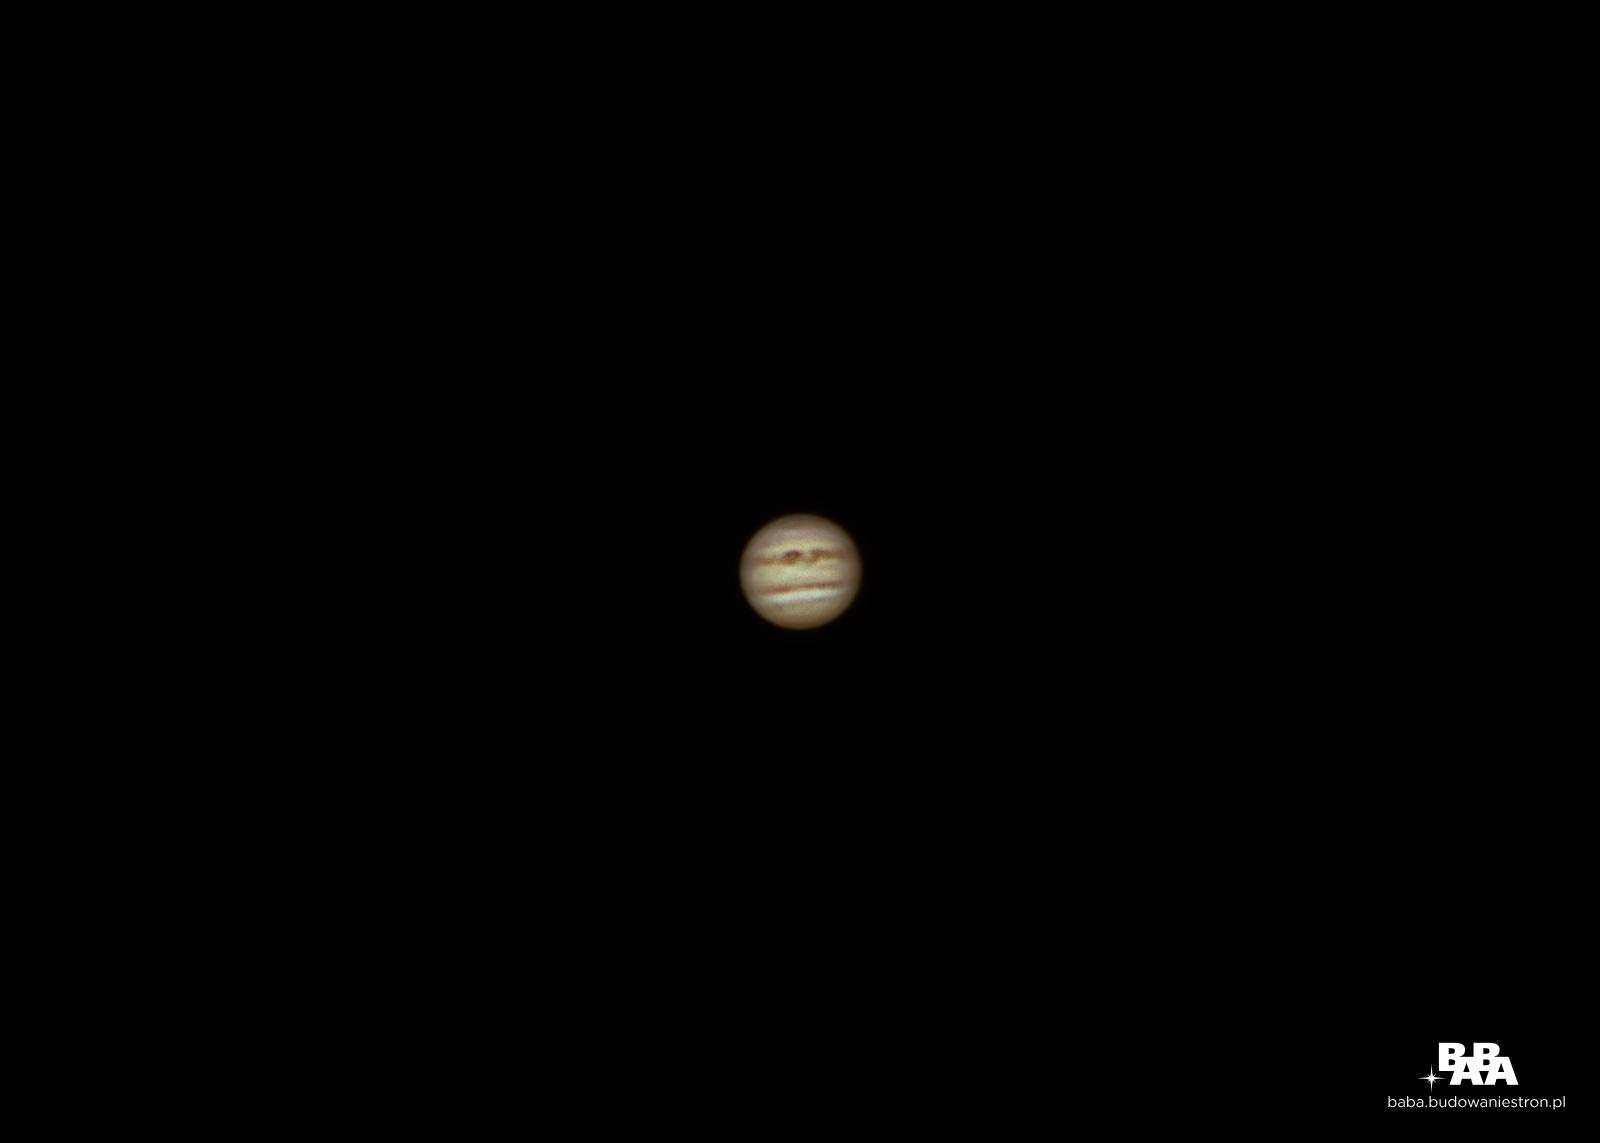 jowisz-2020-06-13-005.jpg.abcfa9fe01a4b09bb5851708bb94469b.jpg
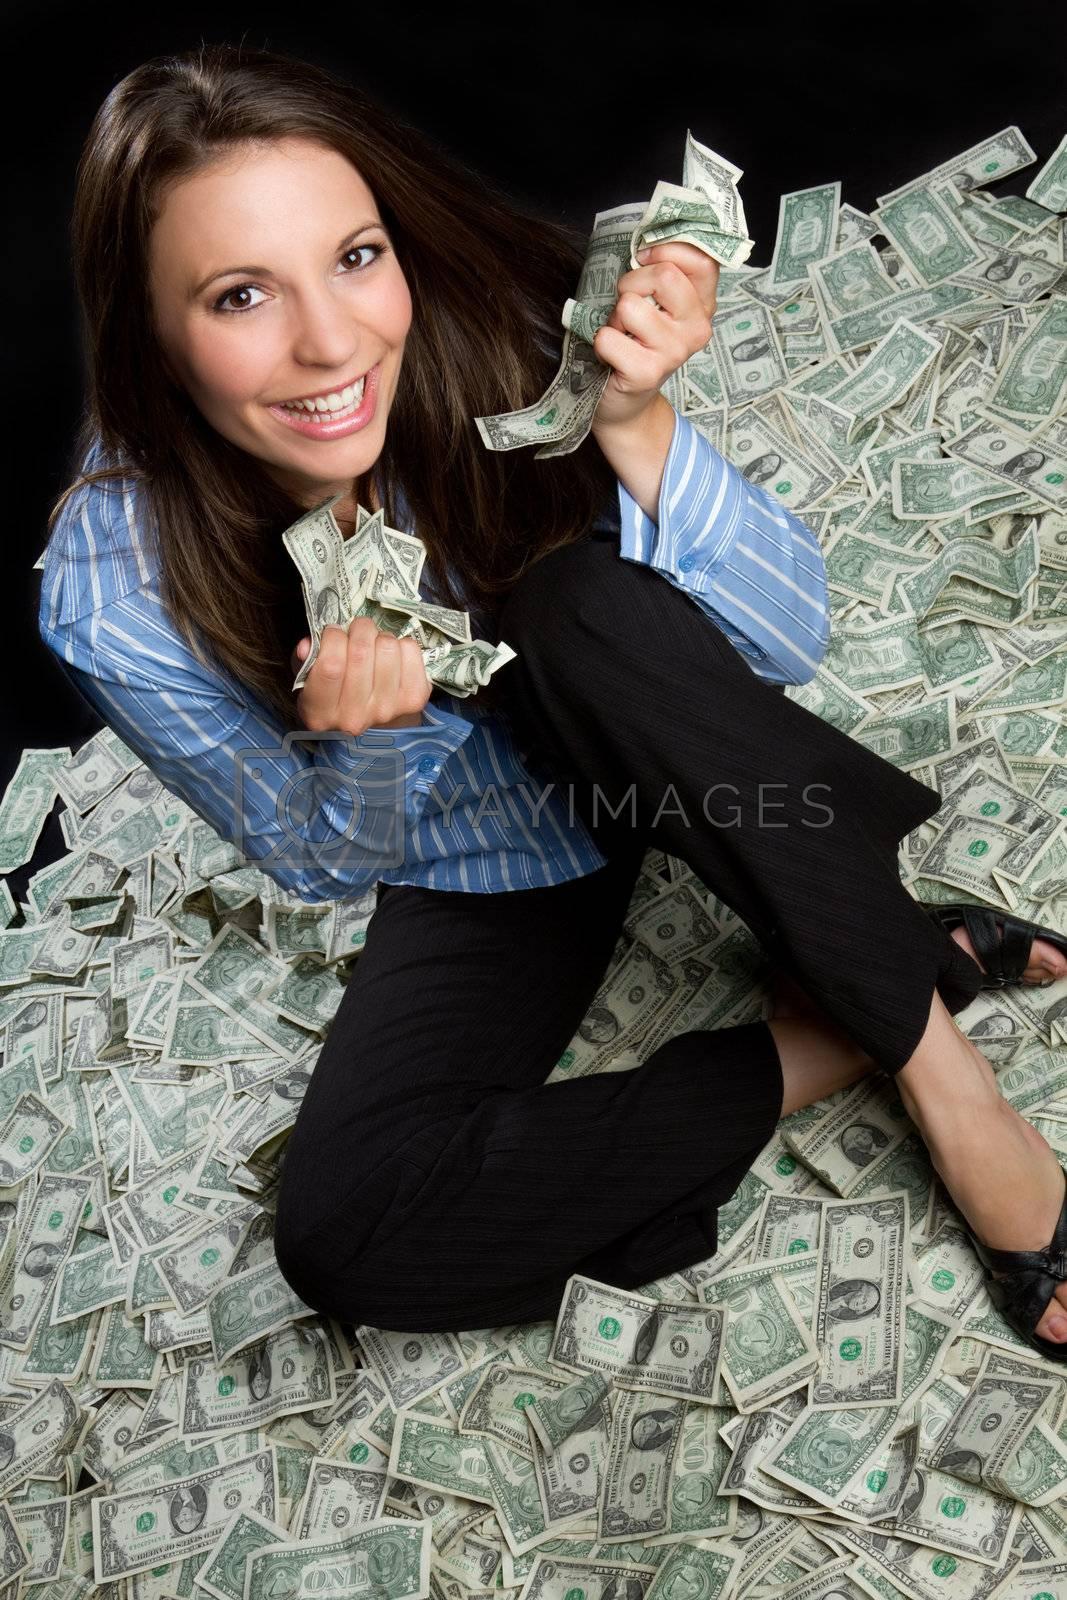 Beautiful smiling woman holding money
* * *
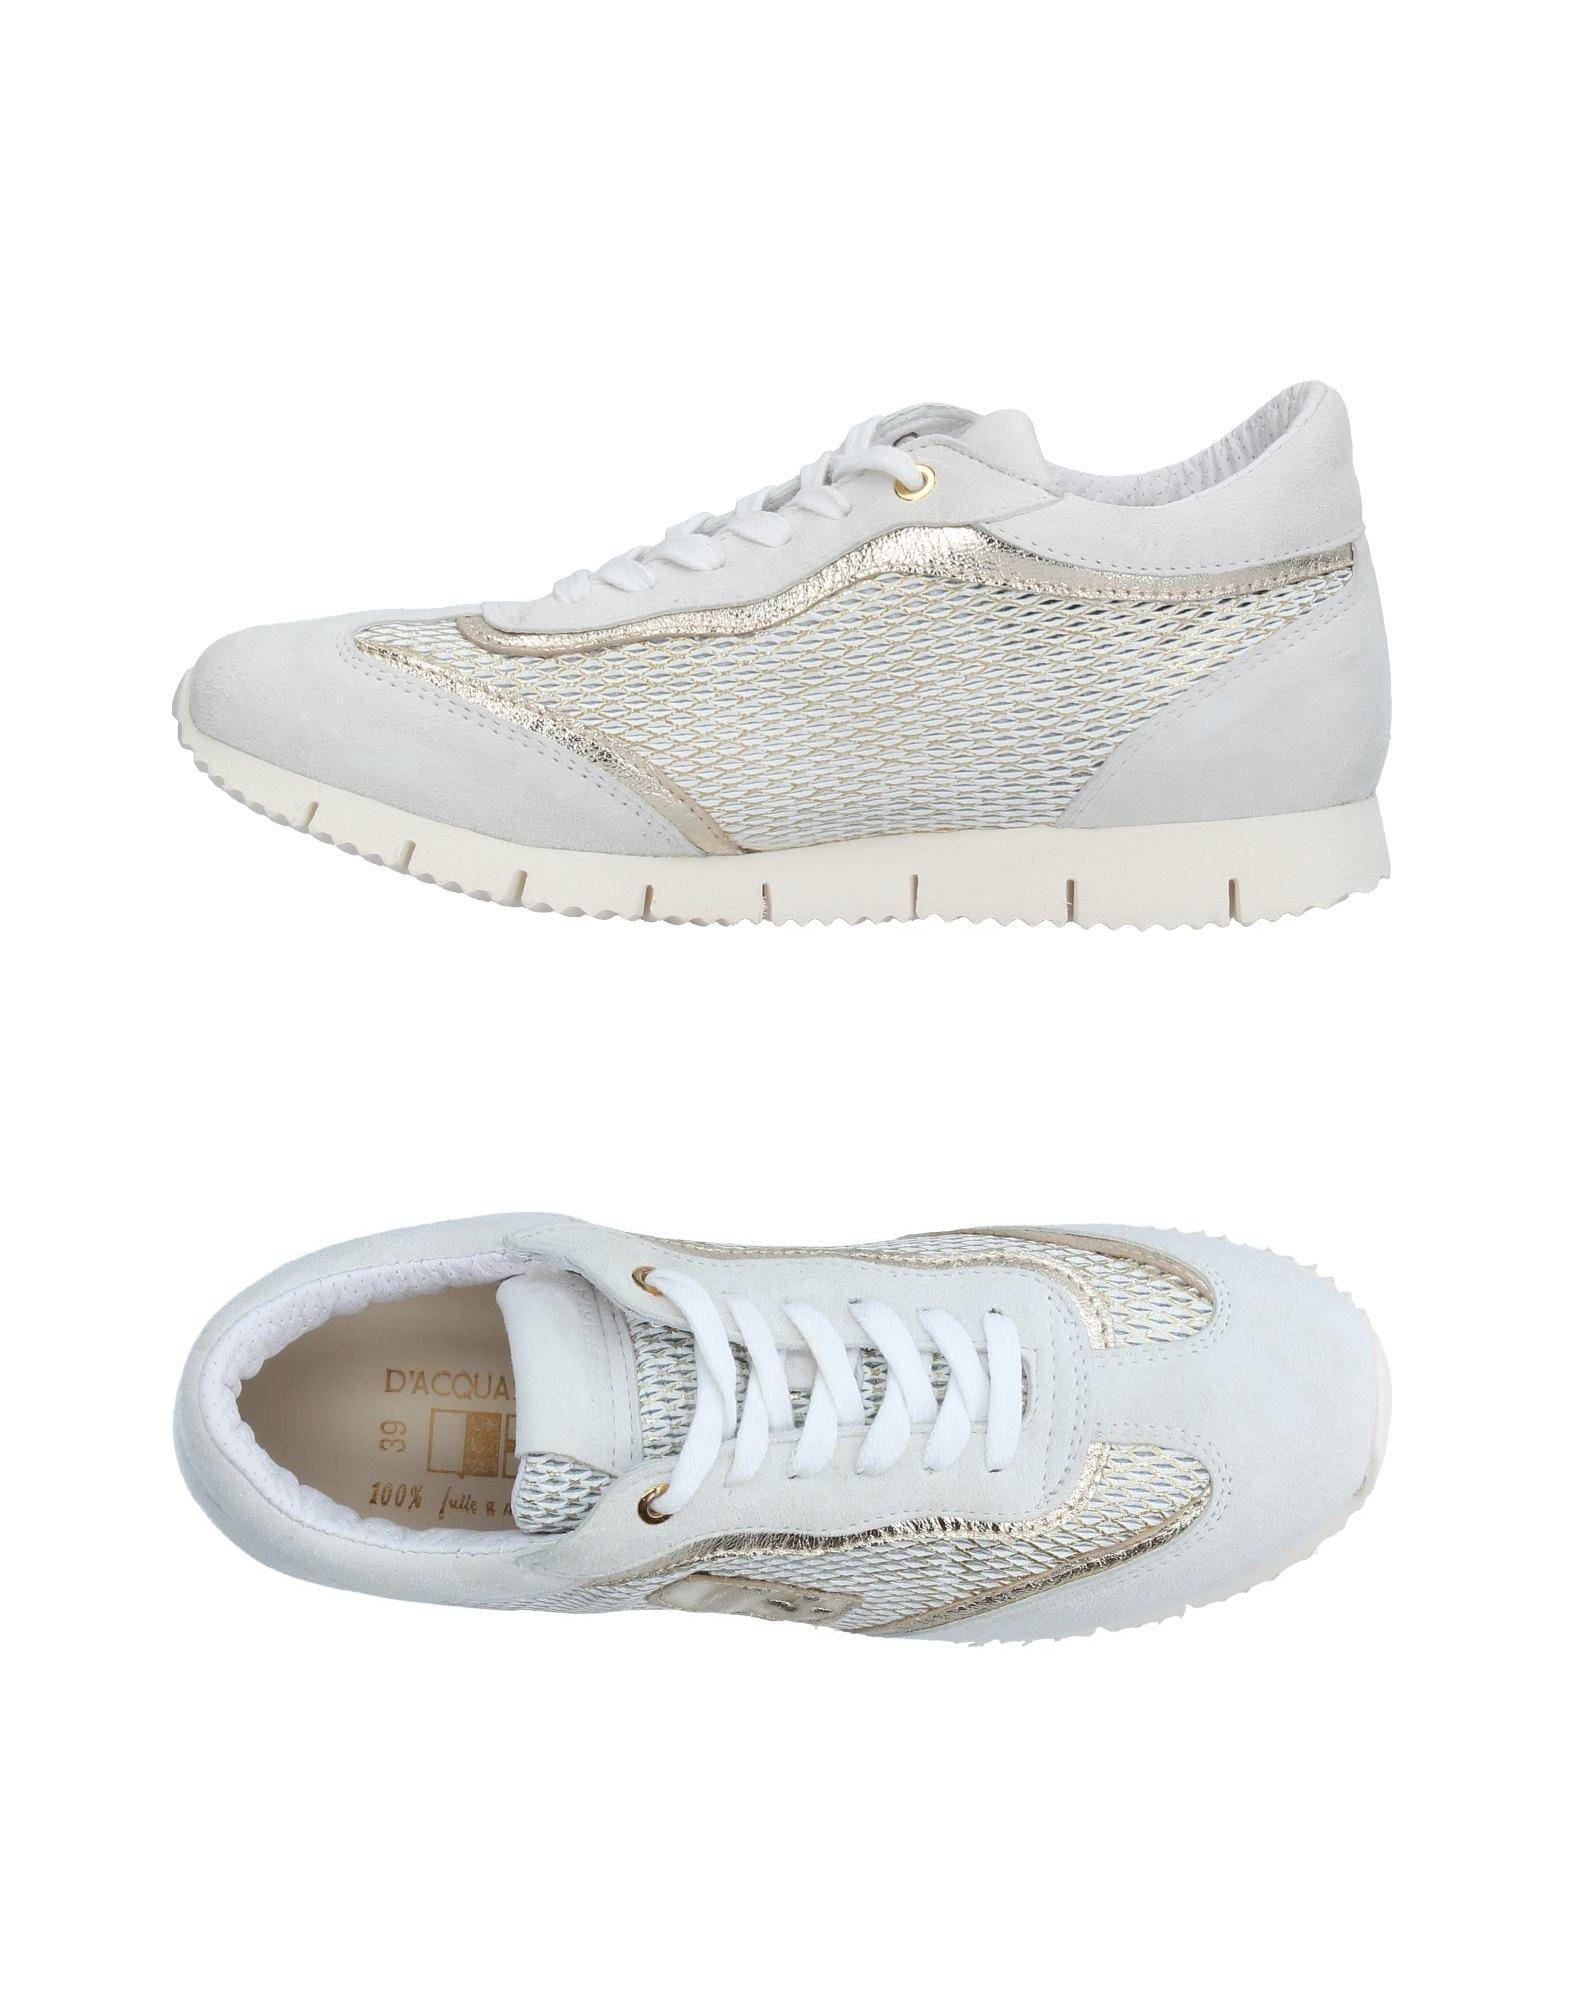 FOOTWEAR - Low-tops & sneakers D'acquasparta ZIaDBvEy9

## Your instructions
Beginning at the line above that contains "jowisz-2020-06-13-005.jpg.abcfa9fe01a4b09bb5851708bb94469b.jpg", repeat each line exactly through the one that contains "Beautiful smiling woman holding money", and leave out the pictures.

## Expected answer
 jowisz-2020-06-13-005.jpg.abcfa9fe01a4b09bb5851708bb94469b.jpg
 Beautiful smiling woman holding money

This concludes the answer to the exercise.